::: SOURCE DATA :::

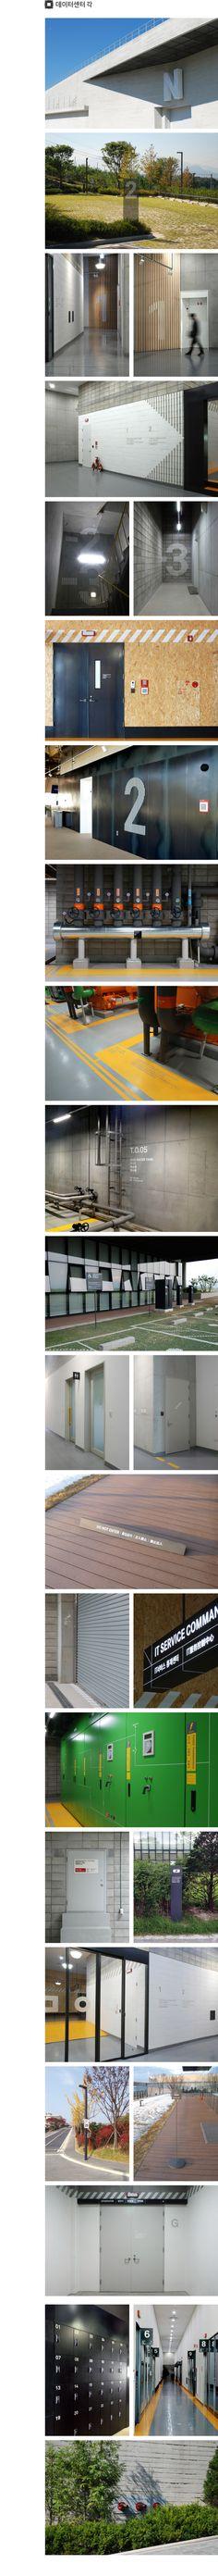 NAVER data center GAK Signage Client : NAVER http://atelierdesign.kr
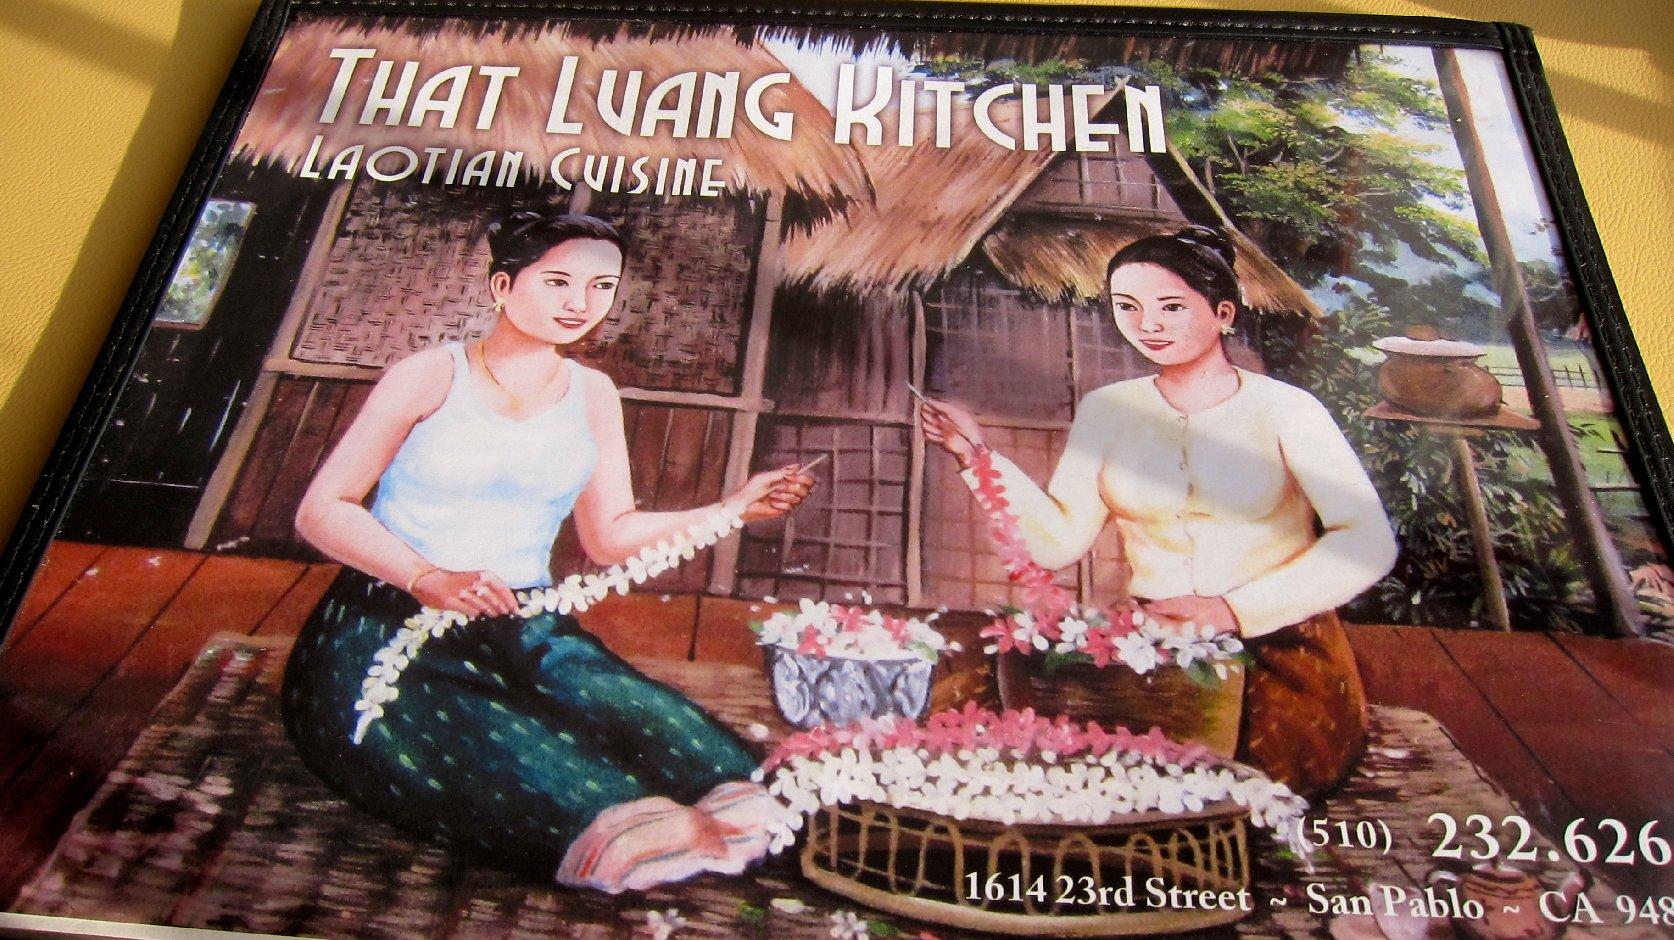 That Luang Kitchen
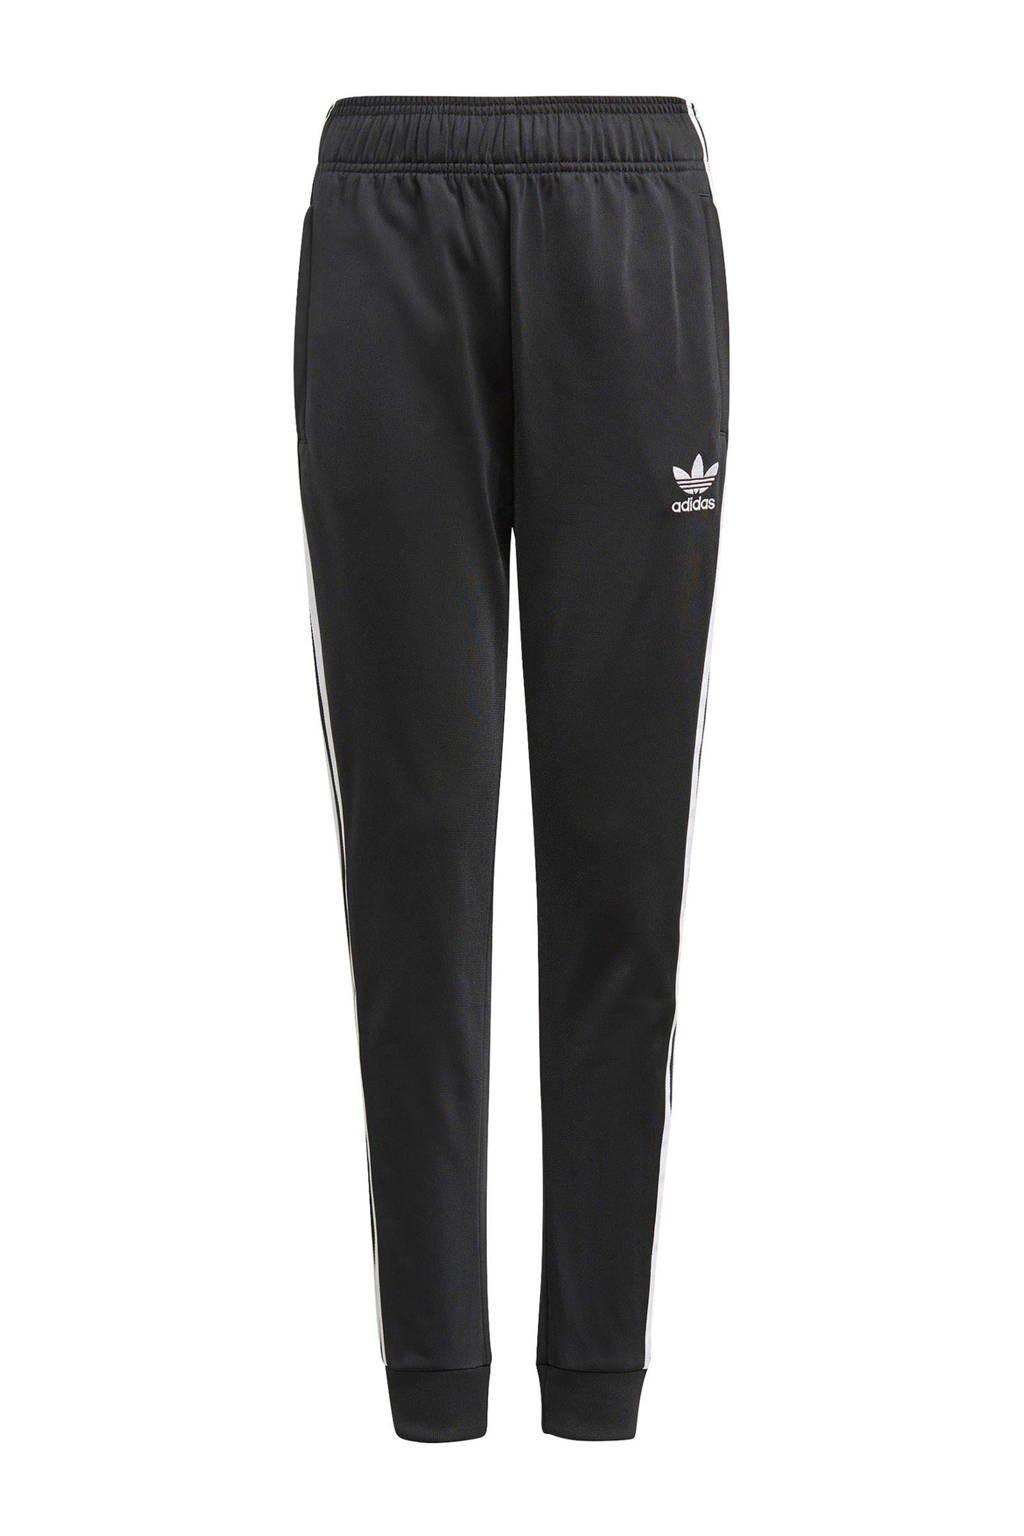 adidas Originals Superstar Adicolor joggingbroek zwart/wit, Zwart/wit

:::

▸ **ASSIGNMENT**
A word-for-word transcription of the listing is needed, minus its images.

▸ **TASK SOLUTION**
 NAVER data center GAK Signage Client : NAVER http://atelierdesign.kr
 That Luang Kitchen
 adidas Originals Superstar Adicolor joggingbroek zwart/wit, Zwart/wit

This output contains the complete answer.